5.4.4 Comparing Methods Against Ground Truth

Overall, no single method recovers all four true change points cleanly, which is expected given the simulation design: stochastic deletion events and the exponential growth competition model create a complex, heterogeneous signal. Method 3 is notable for detecting the latest true change point (9) which the other methods miss, while Method 1 provides the cleanest intermediate detection (4 and 6) and identifies latest change point (9) one period later (10).

Method 2 detects indices 4 and 6 but only once a sufficient number of time points have accumulated in the expanding window — a direct consequence of sample size. This lag is not a failure of the algorithm but an inherent property of prospective surveillance: reliable change point detection requires sufficient sample mass to warrant a shift in the multivariate distribution. A formal analysis of the relationship between sample size and detection reliability, including scenario comparisons across varying sequence counts and variant growth rates, is provided in analysis/Sample_Size_Simulation_Study/.

6 Conclusion

This vignette demonstrates the complete ViralEntropR detection pipeline on a fully controlled, traceable example. By constructing a synthetic evolutionary timeline with known variant emergence points, mutation sites, and stochastic perturbations, we establish a clear ground truth against which all pipeline components can be evaluated directly. The simulation output confirms that entropy-based site selection captures genuine evolutionary signal: mutation sites show measurably elevated entropy from the partition following their variant’s emergence, progressively transitioning into higher GMM entropy classes as the variant grows in prevalence. This transition is not instantaneous — newly emerged variants contribute only a small number of sequences relative to the reference background, and their mutation sites require one to several partitions of growth before the entropy shift becomes large enough to enter the highest-entropy class. This detection lag is an inherent property of any population-level surveillance system and reflects the time required for a novel variant to accumulate sufficient frequency to perturb the site-level amino acid distribution. Once the shift is established, it propagates as a measurable, sustained increase in Hellinger distance that is recoverable by all three change point algorithms, with each method offering a different trade-off between sensitivity and specificity as shown above.
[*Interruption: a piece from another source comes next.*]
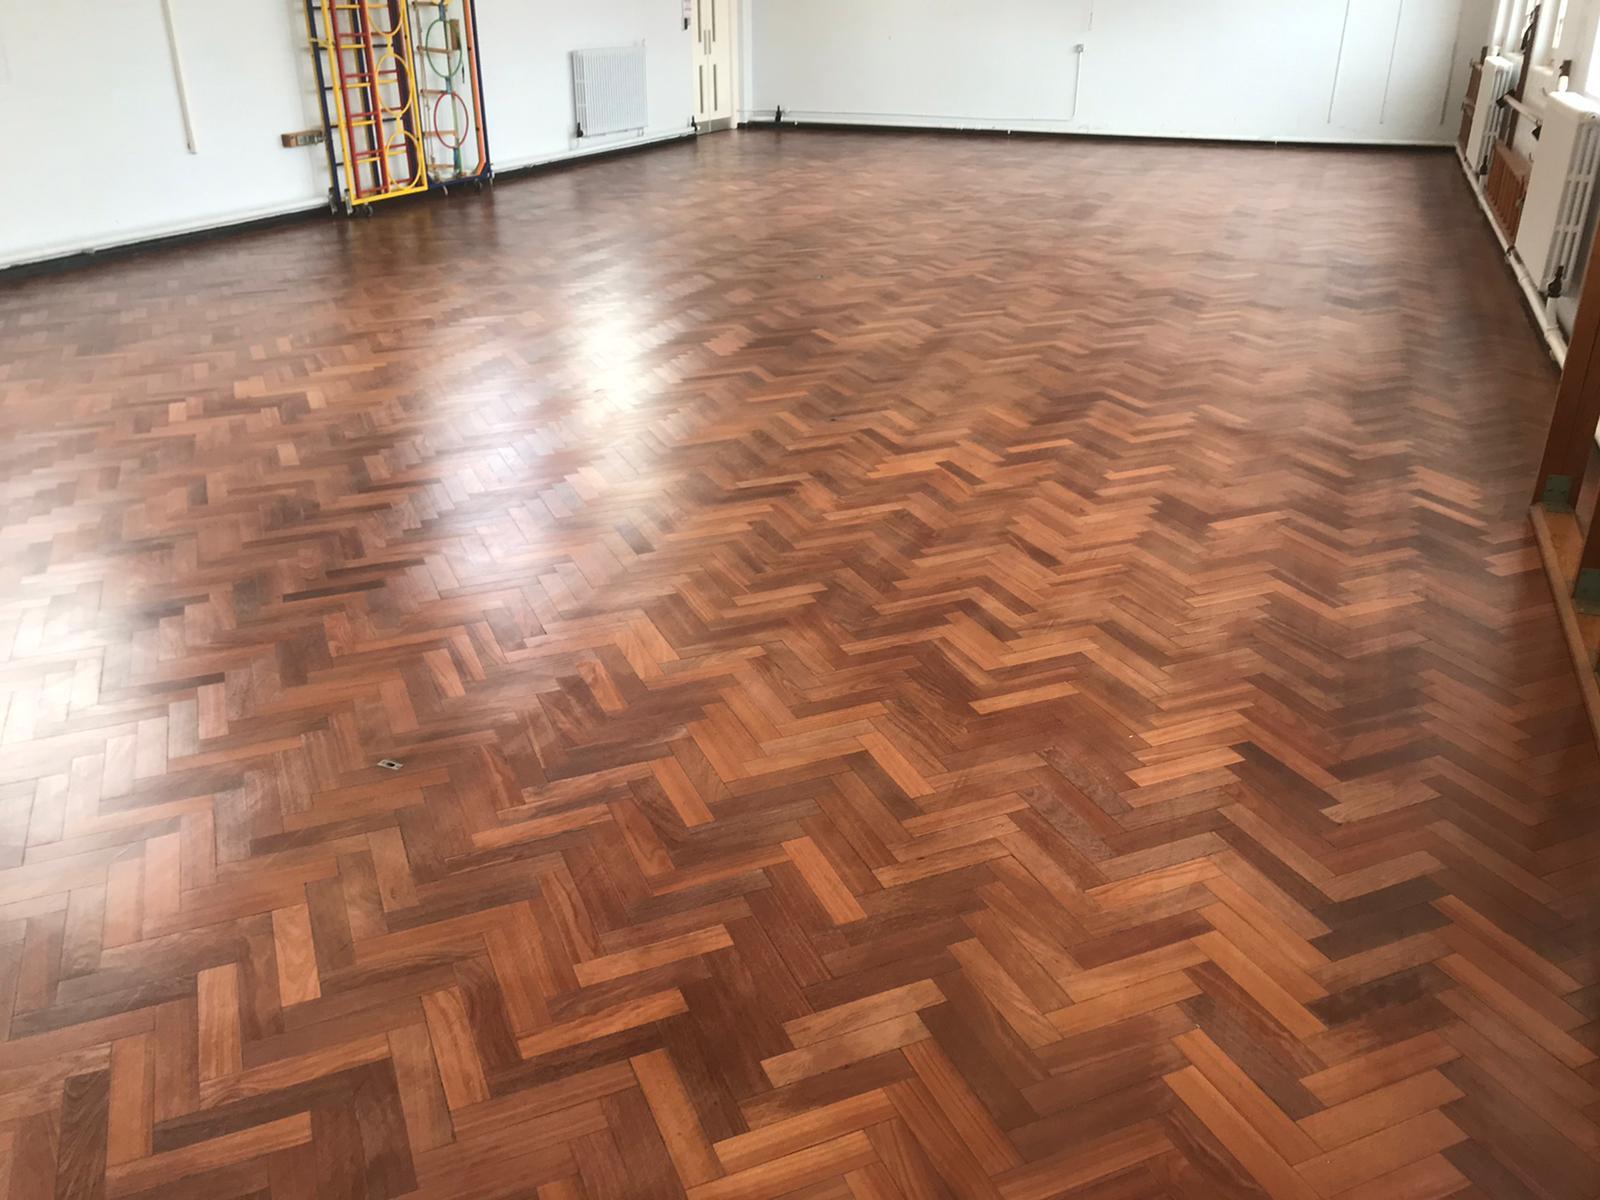 Sand & Seal wood block floor restoration
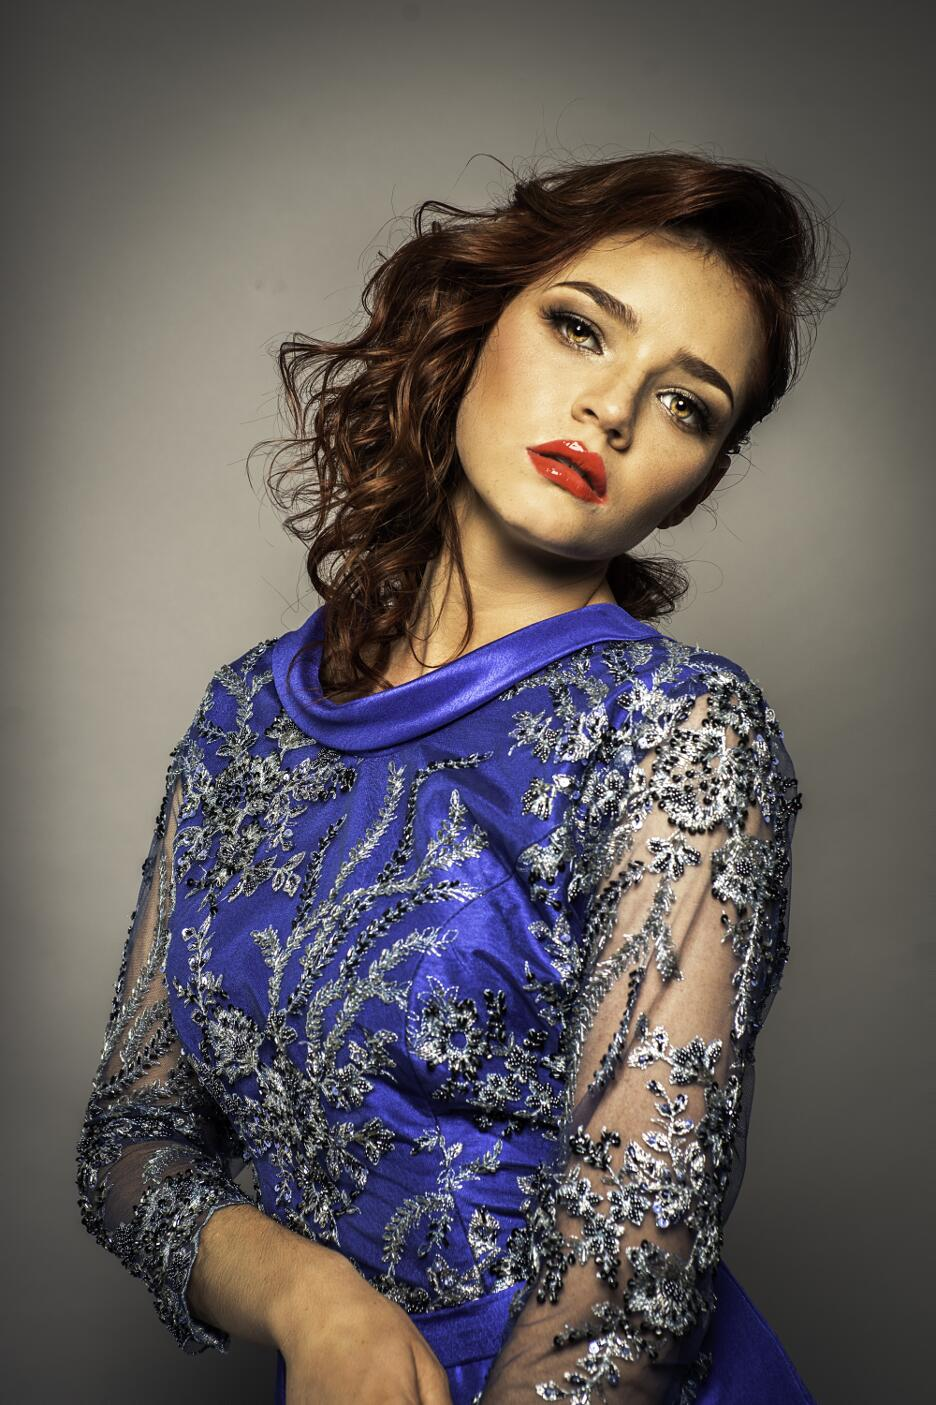 Vestido azul - Jorge Salazar 2019

The simulate_variant_evolution() function is designed to be a general-purpose benchmarking tool for bioinformatics researchers. The full parameter space, including number of variants, mutation counts per variant, emergence timing, growth rates, stochastic deletion events, reference variability, and random seeds allows the systematic generation of arbitrarily large scenario libraries. Researchers can use this infrastructure to stress-test detection algorithms under varying levels of signal strength, variant competition, background noise, and sampling density, and to compare the sensitivity and specificity of alternative change point methods before applying them to real surveillance data. The traceable ground truth embedded in every simulation output makes formal evaluation of detection accuracy straightforward, as demonstrated in the method comparison above.

References

Cover, Thomas M., and Joy A. Thomas. 2006. Elements of Information Theory. 2nd ed. Wiley.
Gray, Robert M. 2011. Entropy and Information Theory. Springer.
Haynes, Kaylea, Paul Fearnhead, and Idris A. Eckley. 2017. “A Computationally Efficient Nonparametric Approach for Changepoint Detection.” Statistics and Computing 27 (5): 1293–1305. https://doi.org/10.1007/s11222-016-9687-5.
Matteson, David S., and Nicholas A. James. 2014. “A Nonparametric Approach for Multiple Change Point Analysis of Multivariate Data.” Journal of the American Statistical Association 109 (505): 334–45. https://doi.org/10.1080/01621459.2013.849605.
Székely, Gábor J., Maria L. Rizzo, and Nail K. Bakirov. 2007. “Measuring and Testing Dependence by Correlation of Distances.” Annals of Statistics 35 (6): 2769–94. https://doi.org/10.1214/009053607000000505.
Vaart, Aad W. van der. 1998. Asymptotic Statistics. Cambridge University Press.